El ocaso del algoritmo: los números que marcan el divorcio entre el relato digital de Milei y la calle

Informes de las principales consultoras del país revelan que el “blindaje mediático” en redes sociales ya no alcanza para contener el malestar social. Por primera vez, la aprobación del Gobierno cae por debajo de la inflación acumulada y el pesimismo le gana a la esperanza en los centros urbanos.

El ecosistema digital que funcionó como el gran motor del ascenso de Javier Milei muestra signos de fatiga estructural. Según el último informe de la consultora Zuban Córdoba, la imagen negativa del presidente ha escalado hasta perforar el piso del 55%, marcando que el discurso de la “lucha contra la casta” ya no es suficiente para compensar la pérdida del poder adquisitivo. El fenómeno, que antes se mantenía en una burbuja de interacciones positivas, hoy choca con una realidad donde la preocupación por el desempleo y la pobreza ha desplazado al debate sobre la ideología de género o el cierre de organismos estatales.

Por su parte, el Monitor de Humor Social de D’Alessio IROL/Berensztein destaca un dato alarmante para la Casa Rosada: el 70% de los consultados afirma que su situación económica personal es peor que hace un año. Esta percepción de deterioro constante ha generado un “apagón” en la militancia digital orgánica, que ya no logra dominar la conversación pública con la misma intensidad. El estudio revela que el apoyo de la clase media se está licuando ante el aumento desproporcionado de las tarifas y la medicina prepaga, sectores que fueron el núcleo del voto castigo en 2023.

La consultora Poliarquía también observa un fenómeno de “desgaste prematuro”. Sus mediciones indican que el índice de optimismo sobre el futuro económico cayó 12 puntos en el último bimestre, situándose en niveles similares a los de los momentos de mayor crisis de gestiones anteriores.

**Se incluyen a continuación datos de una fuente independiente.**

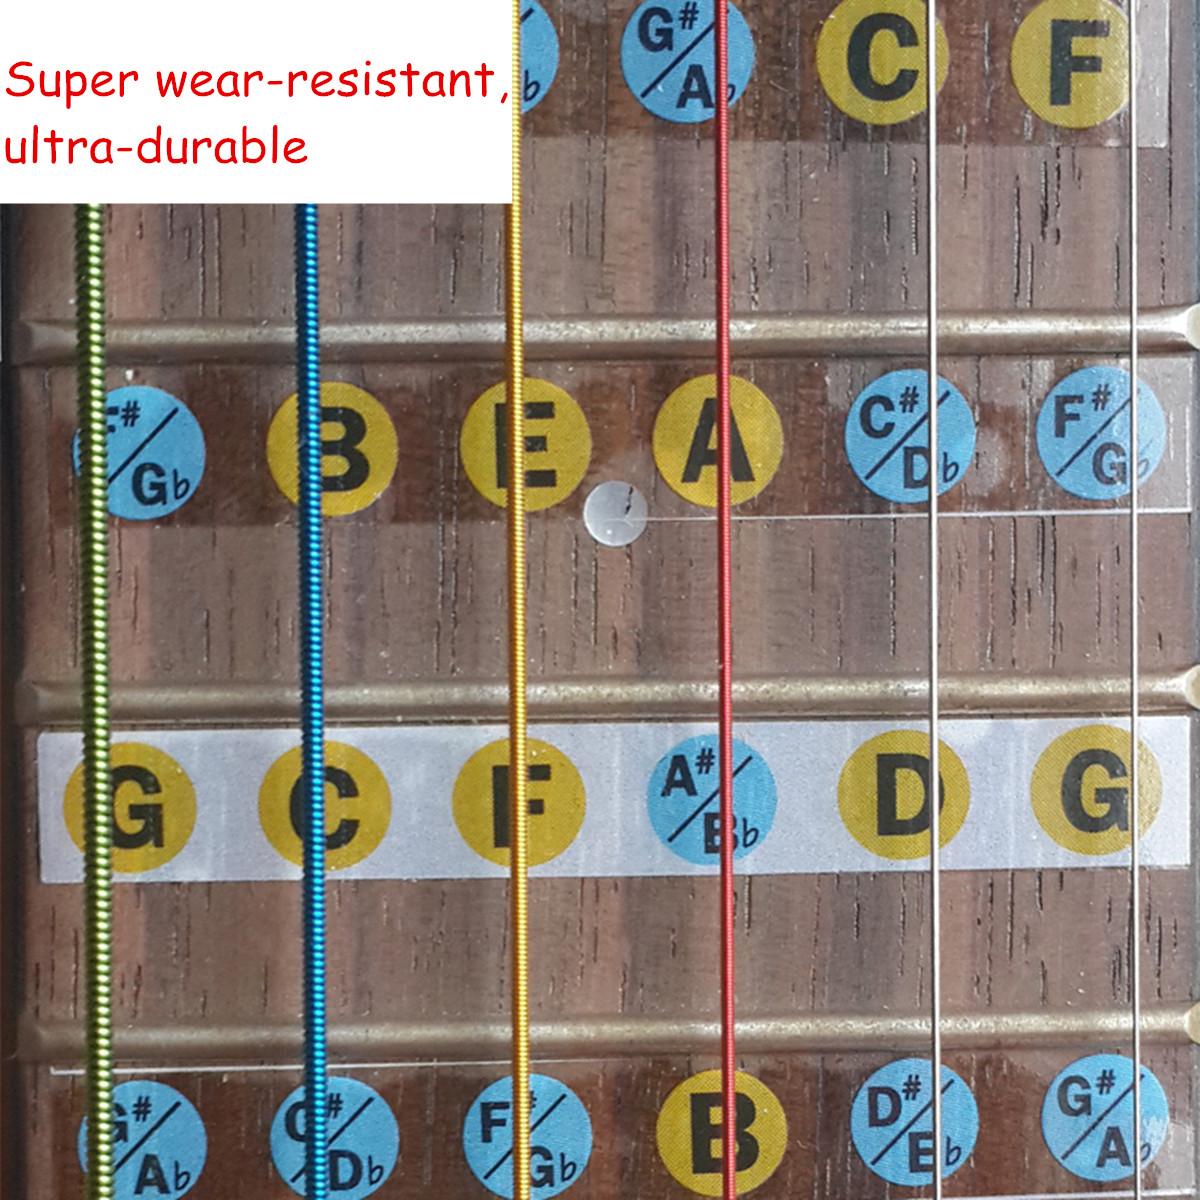 four strings bass guitar fretboard note label fret stickers supply for beginner ebay. Black Bedroom Furniture Sets. Home Design Ideas

Lo más impactante es que la credibilidad de la palabra presidencial está en su punto más bajo, ya que gran parte de la población percibe que los datos de inflación que celebra el Gobierno no se reflejan en el ticket del supermercado.

La estrategia de comunicación, liderada por el equipo de Santiago Caputo, intenta contrarrestar estos números con una hiperactividad en la red X (antes Twitter), pero los especialistas en big data advierten que se trata de un “eco-chamber”. Es decir, el oficialismo está hablando para su propio núcleo duro mientras el ciudadano de a pie se desconecta de la política por agotamiento. El análisis de sentimiento en redes demuestra que las menciones negativas hacia la gestión ya no provienen solo de la oposición, sino de usuarios que se identificaban como “independientes” y que ahora utilizan las redes para denunciar la falta de sensibilidad social.

El problema de fondo que señalan los analistas es el choque frontal entre el superávit fiscal “de planilla” y el déficit habitacional y alimentario de las provincias. Mientras el Presidente se enfoca en sus interacciones con magnates tecnológicos, las encuestas territoriales muestran que el ajuste en las provincias ha unificado a gobernadores e intendentes en un reclamo que las redes no pueden silenciar. La desconexión entre la agenda de la cuenta personal de Milei y las urgencias del interior profundo está creando un vacío de representación que la oposición comienza a capitalizar.

Finalmente, el dato más disruptivo de las últimas semanas es la caída de la imagen de Milei entre los jóvenes de 16 a 24 años, el segmento que fue su principal base de apoyo. Para este grupo, la promesa de libertad se ha transformado en la imposibilidad de planificar un futuro básico. Si la gestión no logra traducir el relato de los “clics” en una mejora tangible del consumo interno, el riesgo de que el modelo se apague definitivamente es una posibilidad que los consultores ya miden como un escenario de alta probabilidad para el próximo semestre.